- Directed by: Davide Ferrario
- Written by: Davide Ferrario
- Cinematography: Giovanni Cavallini
- Music by: Giorgio Canali
- Release dates: September 7, 1999 (VFF); September 10, 1999 (Italy);
- Country: Italy
- Language: Italian

= Guardami =

Guardami is a 1999 Italian film written and directed by Davide Ferrario.

The film premiered at the 56th Venice International Film Festival. It is loosely based on the life of Moana Pozzi. Guardami features some explicit sex scenes that caused a slight controversy at the time.

== Cast ==

- Elisabetta Cavallotti as Nina
- Stefania Orsola Garello as Cristiana
- Flavio Insinna as Flavio
- Gianluca Gobbi as Dario
- Claudio Spadaro as Baroni
- Luigi Diberti as Castellani
- Angelica Ippolito as Nina's mother
- Yorgo Voyagis as Nina's father
- Antonello Grimaldi as Joe
- Luis Molteni as Max
- Luca Damiano as himself
- Vladimir Luxuria as presenter

==Production==
Cavallotti chose the actor to shoot the unsimulated fellatio scene. "I chose Alex Mantegna because he wasn't too endowed.
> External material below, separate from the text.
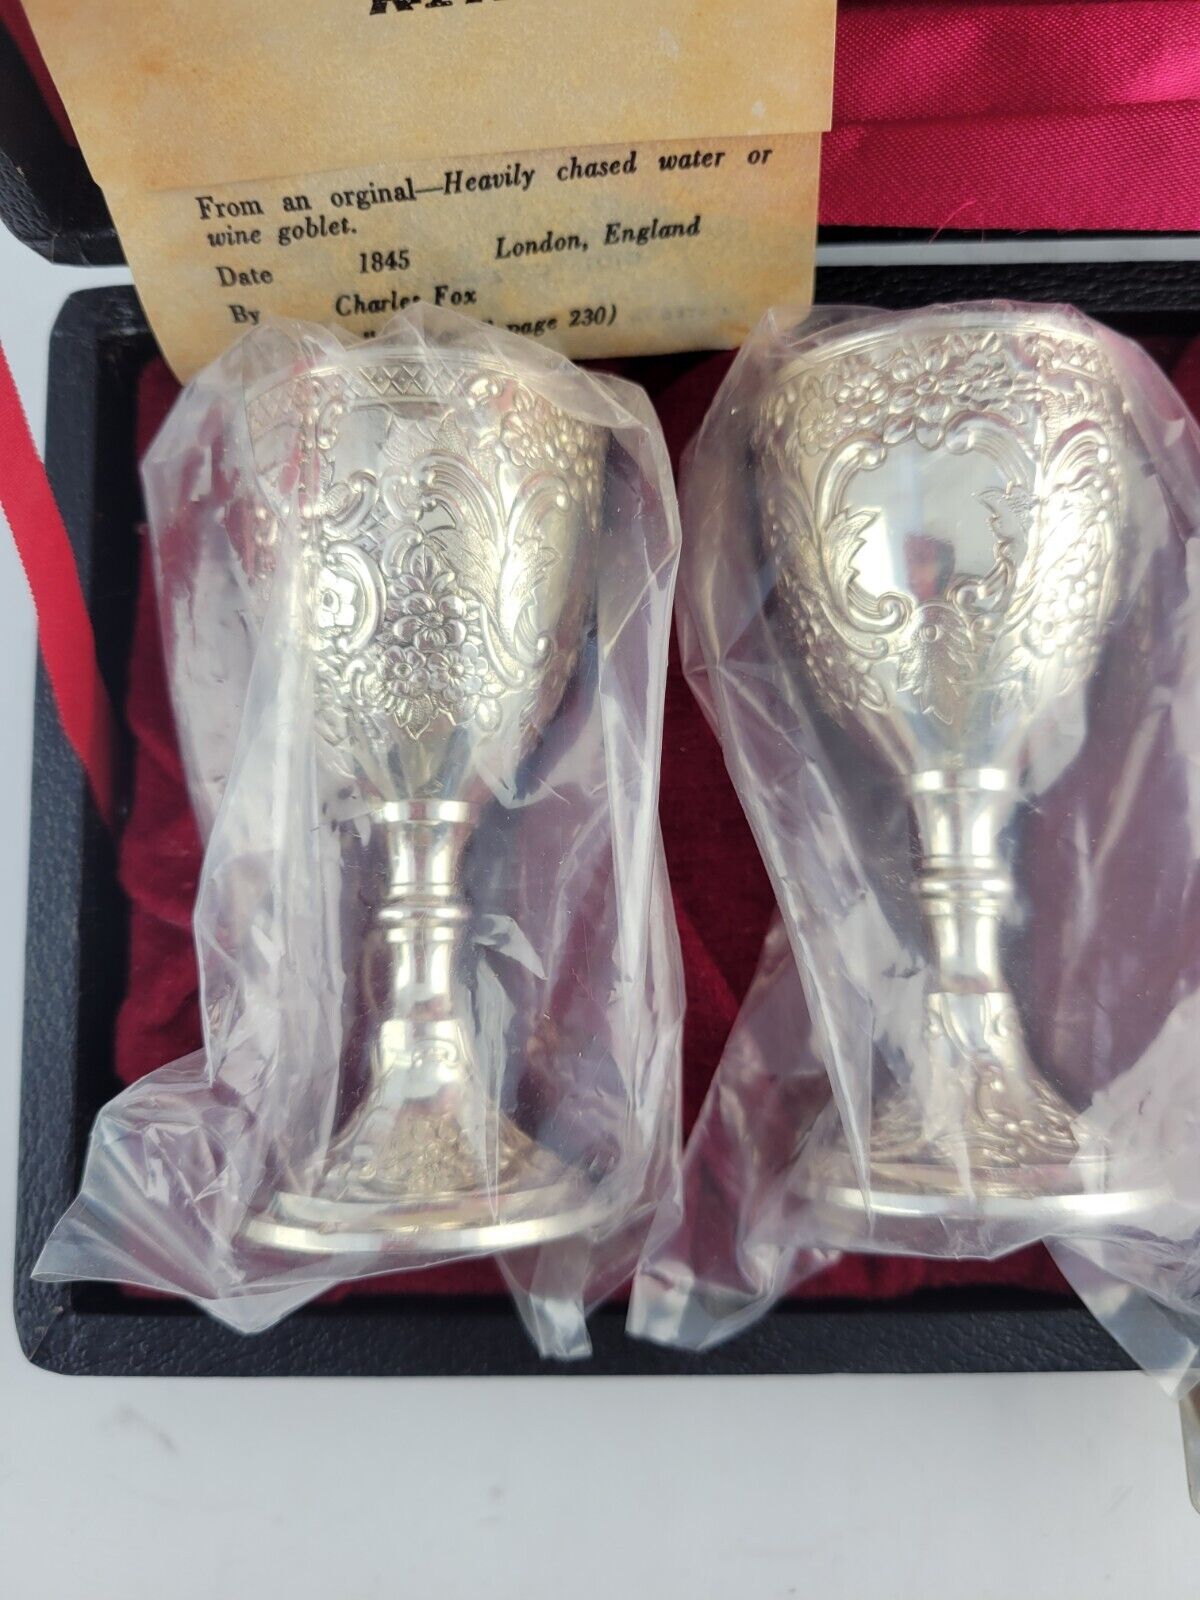 Regal Reproductions Set Of 4 Silver Plated Mini Wine Goblets Boxed Corbell

He was kind, but when I explained why I wanted him, he was offended", she said.

The scene in which Cavallotti performs on stage was not shot in the studio but directly during an erotic event called Mi Sex. The audience and the guys who takes the stage are not extras but normal people who were there for the event. They did not know that a movie was being made and Cavallotti behaved like one of the many performers who went up on stage to perform.

Cavallotti said she thought that if she had a boyfriend, she wouldn't have done the movie, because "I wouldn't be able to go back to him after having been naked among the naked bodies of men and women, after having taken strangers' dicks in my mouth, having had who knows how many hands on me."